Девица в красном громко чихнула, и сознание Дин Гоуэра пулей отнесло в сторону, прямо на кактус, стоявший на третьем уровне банкетного стола. Силой противодействия его отбросило назад, словно кактус шлепнул его усыпанной колючками ладонью[51]. У Дин Гоуэра ужасно заболела голова, живот схватило, там все забурлило, словно образовались бесчисленные пенящиеся водовороты, все тело зачесалось и пошло пятнами, как при краснухе. Сознание опустилось ему на голову отдохнуть, переводя дух и всхлипывая. Взор сознания потух, глаза Дин Гоуэра вновь обрели способность видеть, и перед ним возникли партсекретарь и директор с поднятыми рюмками. Они смотрели на него сверху вниз, и их голоса грохотали оглушительным ревом прибоя, эхом отражаясь от всех четырех стен, где они разбивались, словно пенистые валы о скалы, и доносились голосом мальчика-пастушка, стоящего на вершине и пытающегося собрать забредших далеко в горы овец.
– Товарищ Дин, старина, на самом деле мы одна семья, единоутробные братья, а родные братья должны и пить в свое удовольствие. Жить надо в удовольствие, радоваться вовсю, шагать к могиле в радости и веселии… Ну, еще давай… Чарочек тридцать… От имени замначальника отдела Цзиня… Тридцать чарочек за тебя… Пей, пей… Кто не пьет – не мужик… Цзинь, цзинь, цзинь… Цзинь Ганцзуань пить умеет… Он человек уважаемый, целое море выпить может… Без конца, без края…
Цзинь Ганцзуань! Это имя алмазным сверлом пробуравило сердце Дин Гоуэра, от резкой боли рот раскрылся, и вместе с потоком мутной жидкости стали выплескиваться жуткие слова:
– Волчара этот… – Новый позыв рвоты. – Младенцев пожирает… – Еще позыв. – Волчара!
Сознание перепуганной пташкой впорхнуло в свое гнездышко; в животе все перекрутило – боль неописуемая. По спине легонько постукивали два кулака, его снова вывернуло… Вино… Слизь, слезы и сопли, сладкие и солоноватые, тягучие и нескончаемые, а перед глазами блистает бирюзой водная гладь.
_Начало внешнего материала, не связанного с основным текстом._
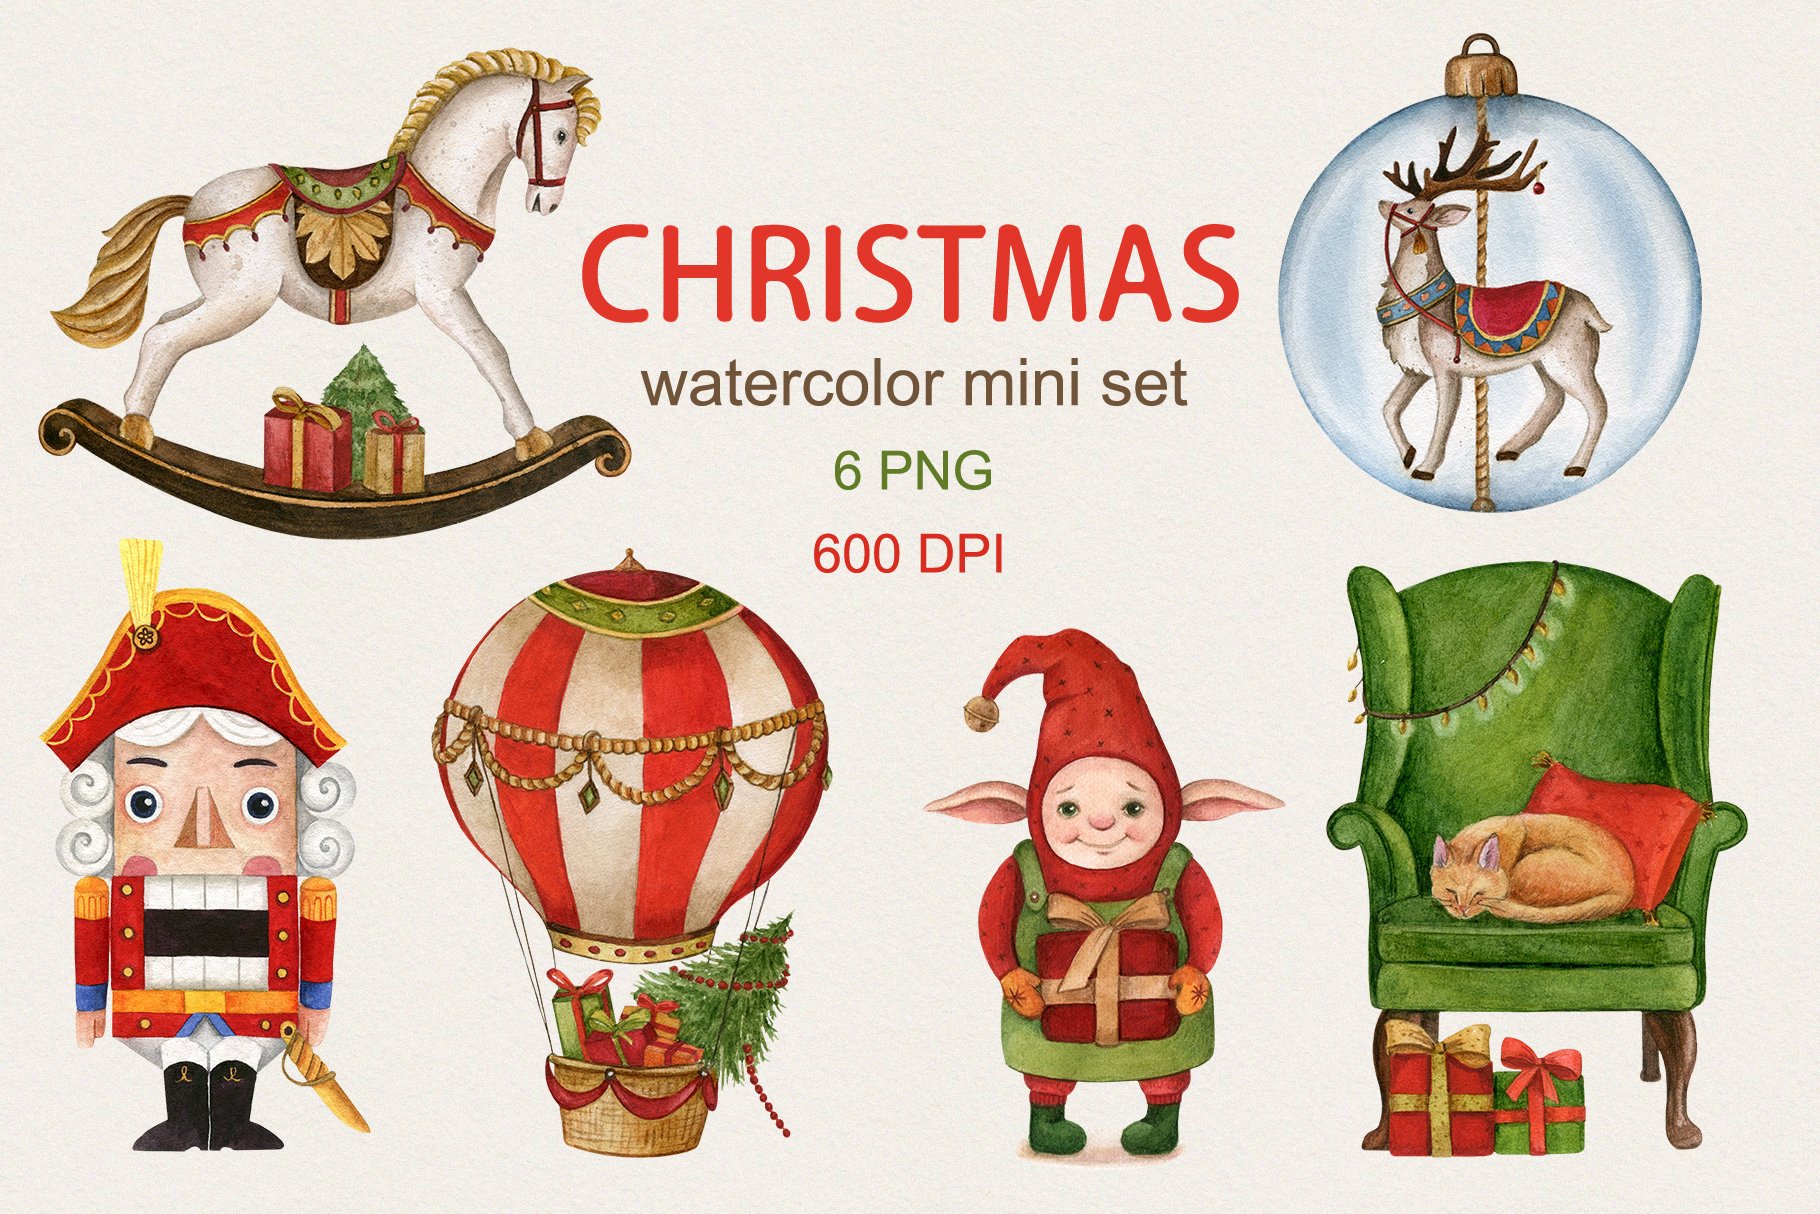 Christmas mini set cover image.

– Вам получше, товарищ Дин Гоуэр?
– Товарищ Дин Гоуэр, вам хоть чуточку лучше?
– Давайте, давайте, поднатужьтесь, пусть до конца вырвет эту горечь!
– Надо, надо проблеваться, это полезно для здоровья.
Подперев его с обеих сторон, партсекретарь с директором колотили ему по спине, бубня в уши слова утешения и увещевая, – этакие деревенские фельдшеры, которые спасают наглотавшегося воды ребенка, молодые учителя, наставляющие юнца, который сбился с пути истинного.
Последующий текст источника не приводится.